Modeling Enteric Nervous System Function in Children with Phelan Mcdermid Syndrome

Background: Shank3, a critically important scaffolding protein controlling CNS post-synaptic density, is one of the most well characterized genes known to have a functional role in Autism Spectrum Disorders (ASD). Phelan McDermid Syndrome (PMDS), a genetic disorder caused by the deletion of a portion of chromosome 22 containing the Shank3 gene, provides an excellent model in which to study the effects of Shank 3 haploinsufficiency in ASD since PMDS patients exhibit many relevant similarities, including an ASD diagnosis (in >84%) and chronic GI symptoms (reported in >50%).  Shank3 haploinsufficiency is thought to be the main contributor to neurodevelopmental abnormalities in PMDS and Shank3 is also expressed in the enteric nervous system (ENS). Therefore, it is likely that deletions/truncations causing neurological dysfunction in the CNS also have a role in the ENS. To explore this relationship we have developed a patient-specific induced pluripotent stem cell (iPSC)-derived in vitro model system that can be used to generate and functionally characterize enteric neurons. This model will lead to greater understanding of molecular mechanisms involved in PMDS and ASD, specifically those with GI symptoms.

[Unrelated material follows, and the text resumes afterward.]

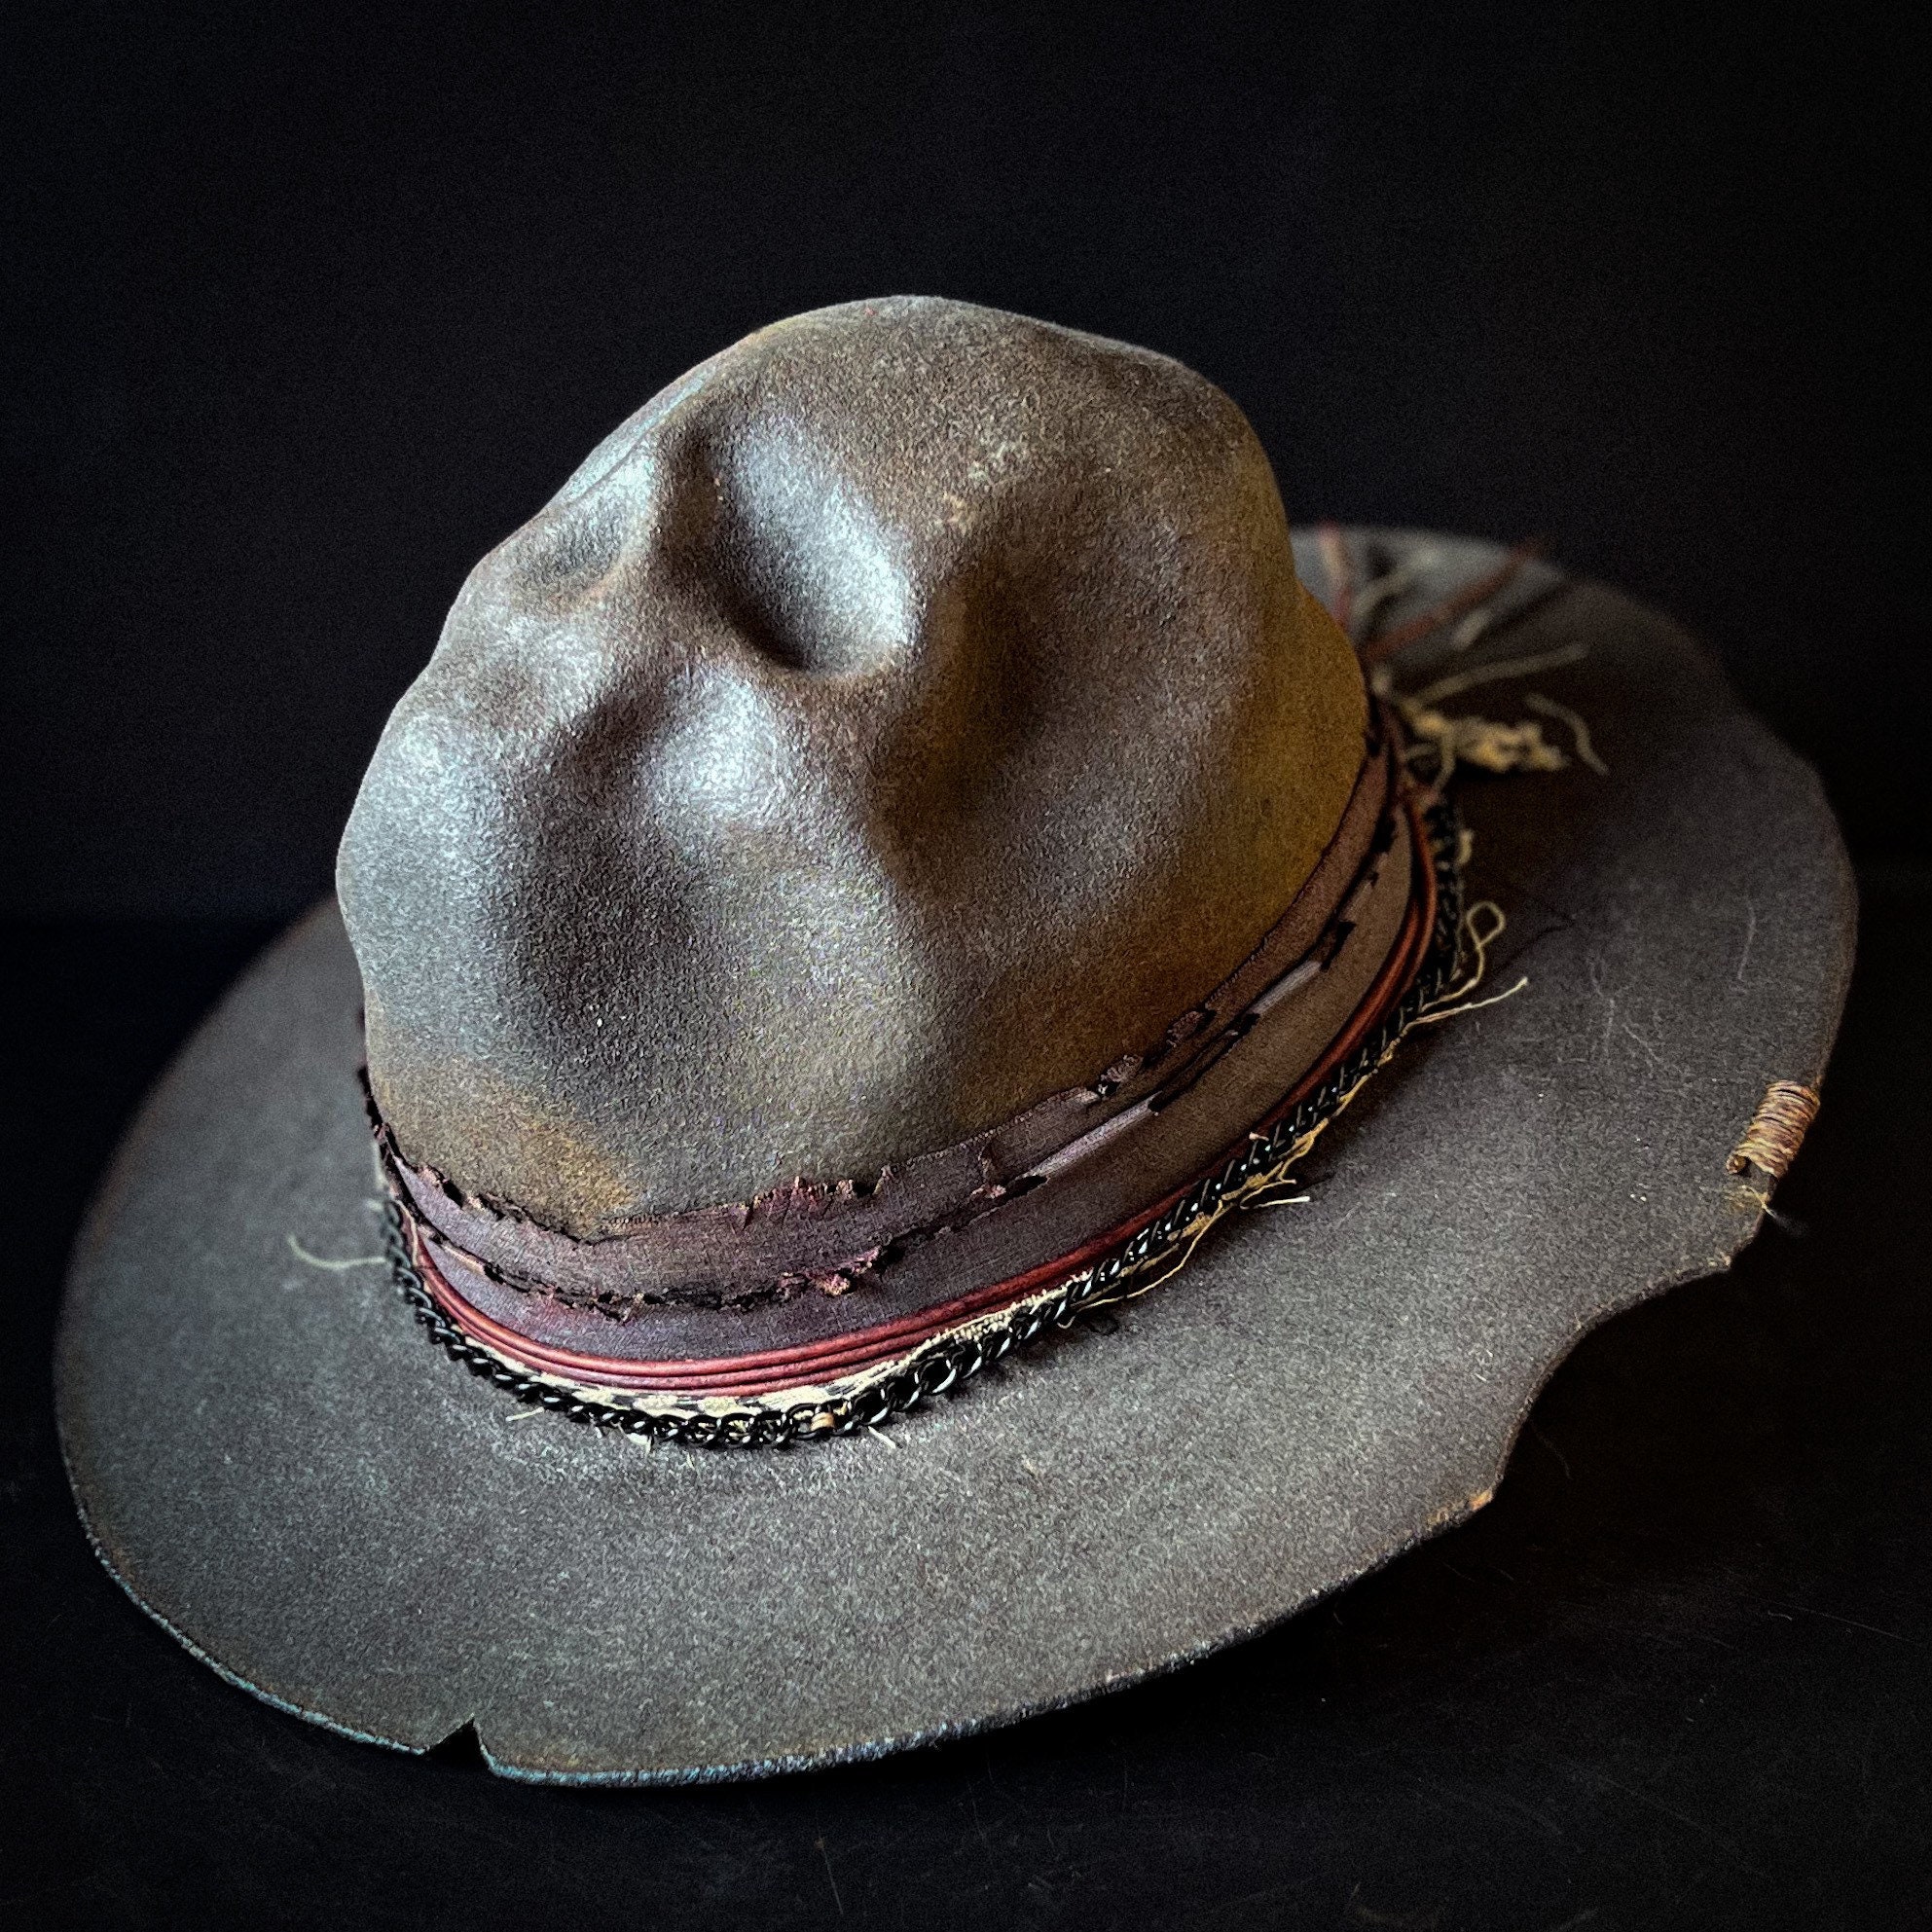 Cowboy Hat size 7 5/8. “Death Rides a Horse” from Ugly Outlaw.
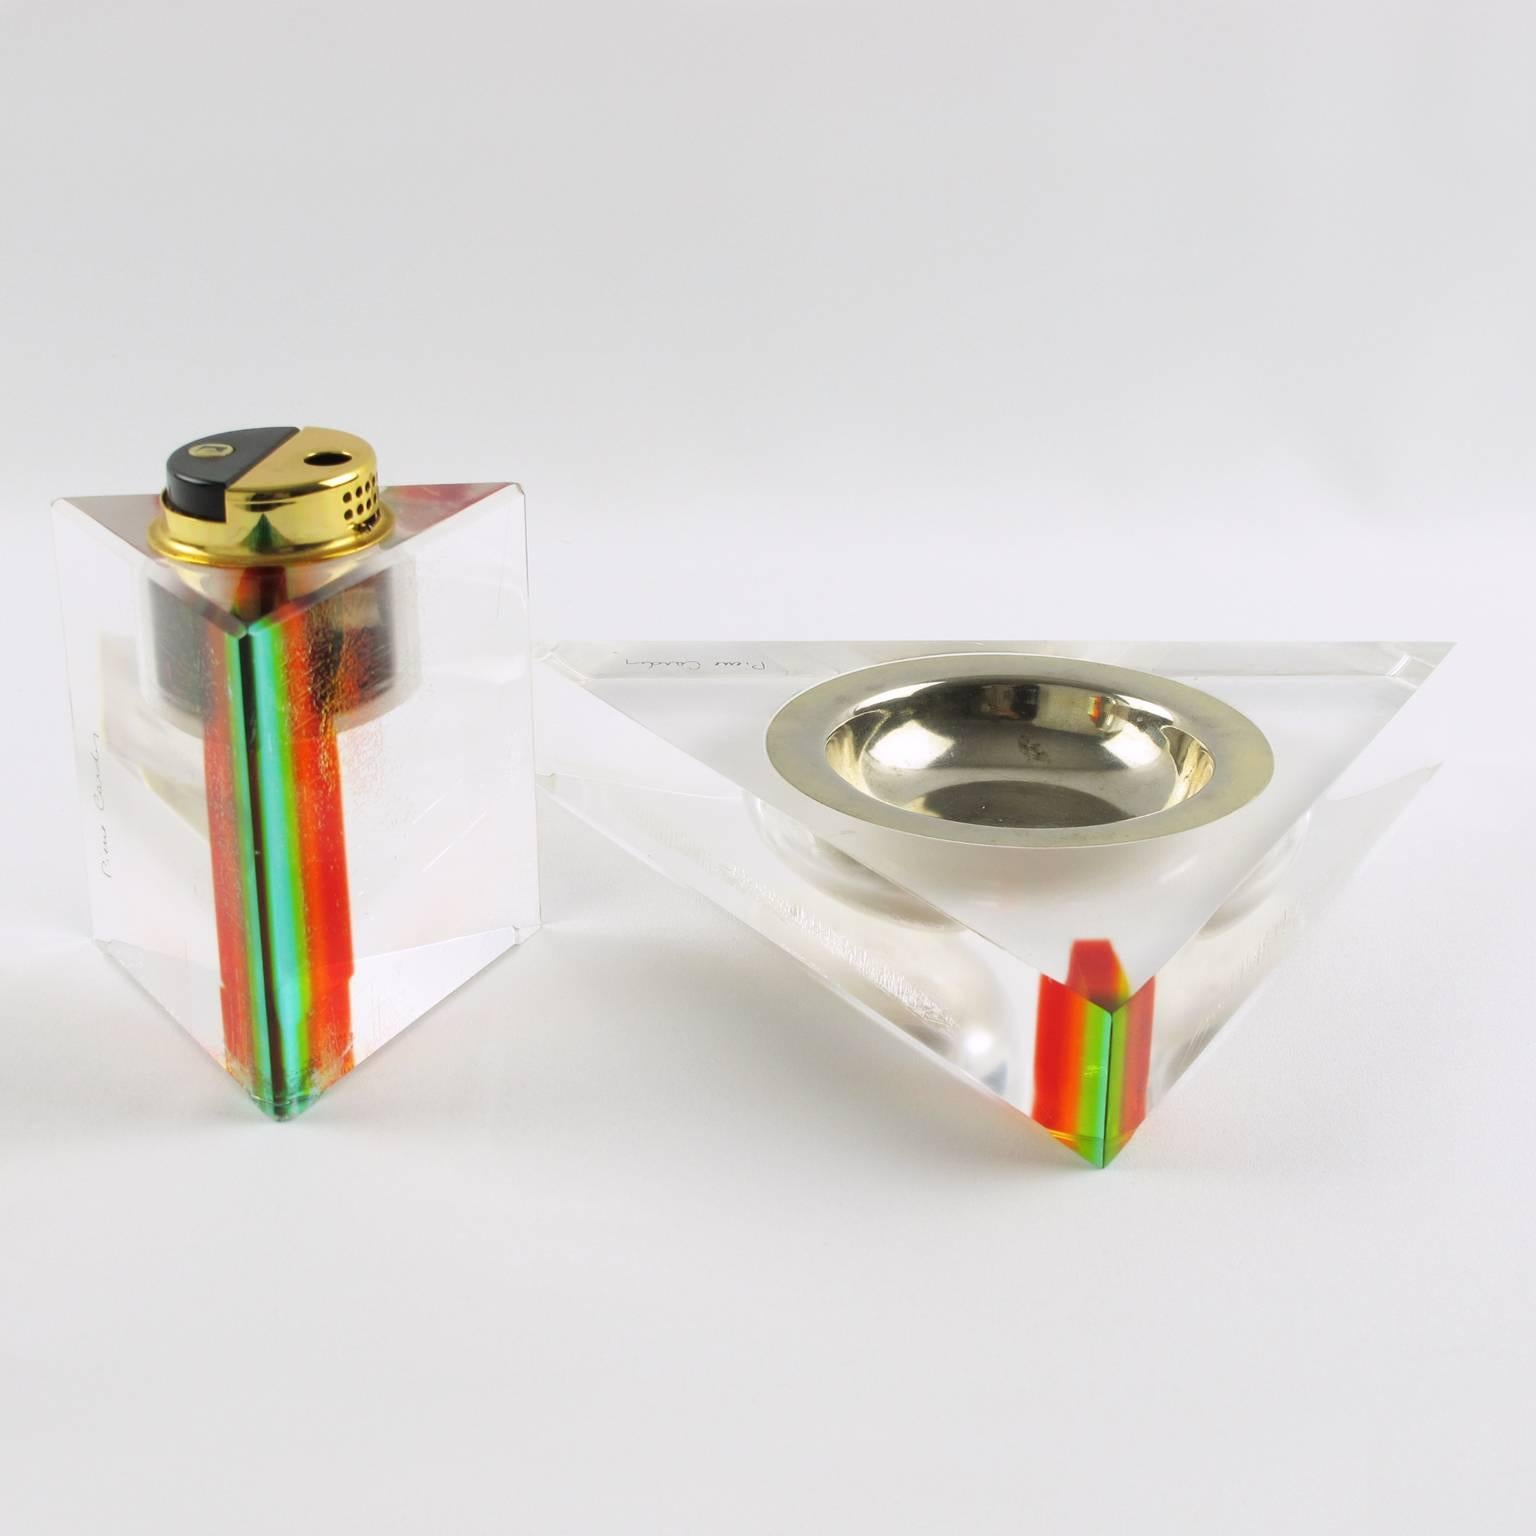 Rare 1970s French designer Pierre Cardin smoking desk set. Featuring ashtray and lighter in crystal clear Lucite with rainbow colors inclusion. Set is build with large geometric ashtray and gas lighter. Each piece is marked: Pierre Cardin with

Objectives: The overall goal of this project is to develop a model system to study ENS dysregulation in ASD. This will be accomplished by selecting lymphoblastoid cell lines (LCL) from PMDS children who have an ASD diagnosis and chronic GI symptoms. PMDS patients who meet these criteria provide a compelling model for the investigation of cross nervous system synaptic dysfunction to increase our understanding of the relationship between of ASD and GI symptoms.

Methods: The steps involved in our model development are fourfold: (1) identify PMDS individuals who have chronic GI disturbances (e.g. GERD or hypomotility) and an ASD diagnosis, (2) use lymphoblastoid cell lines (LCLs) from these individuals to generate iPSCs, (3) direct the patient-specific iPSCs down neuronal lineages to make enteric neurons, and (4) characterize the function of these neurons, compared to those derived from individuals with unaffected synaptic proteins, in a smooth muscle co-culture system.    

Results: Epstein Barr Virus immortalized-LCLs were obtained from two patients (proband and parent) from the NIMH RGR. IPSCs, generated from EBV-LCLs transfected with Epi5™ Episomal iPSC reprogramming plasmids, were apparent at Day 8 post-transfection and are currently at passage 10. Clonal iSPC lines are being evaluated for patient-specificity, normal karyotype, expression of pluripotency markers, and loss of OriP/EBNA-1 expression vectors. In parallel experiments, neural crest cells (NCCs), differentiated from WT-iPSCs, showed proper gene expression and cell morphology. Neural lineage differentiation methods have now been optimized and will be applied to the PMDS-specific LCL-derived iPSCs for the generation of enteric neurons.

Conclusions: Using a state-of-the-art reprogramming system, LCLs from PMDS individuals in the NIMH RGR have been used to generate iPSCs. We have also demonstrated that iPSCs can be differentiated into NCCs. Our next step will be to differentiate the PMDS-specific iPSCs into enteric neurons and then compare their function to enteric neurons derived from non-PMDS cells.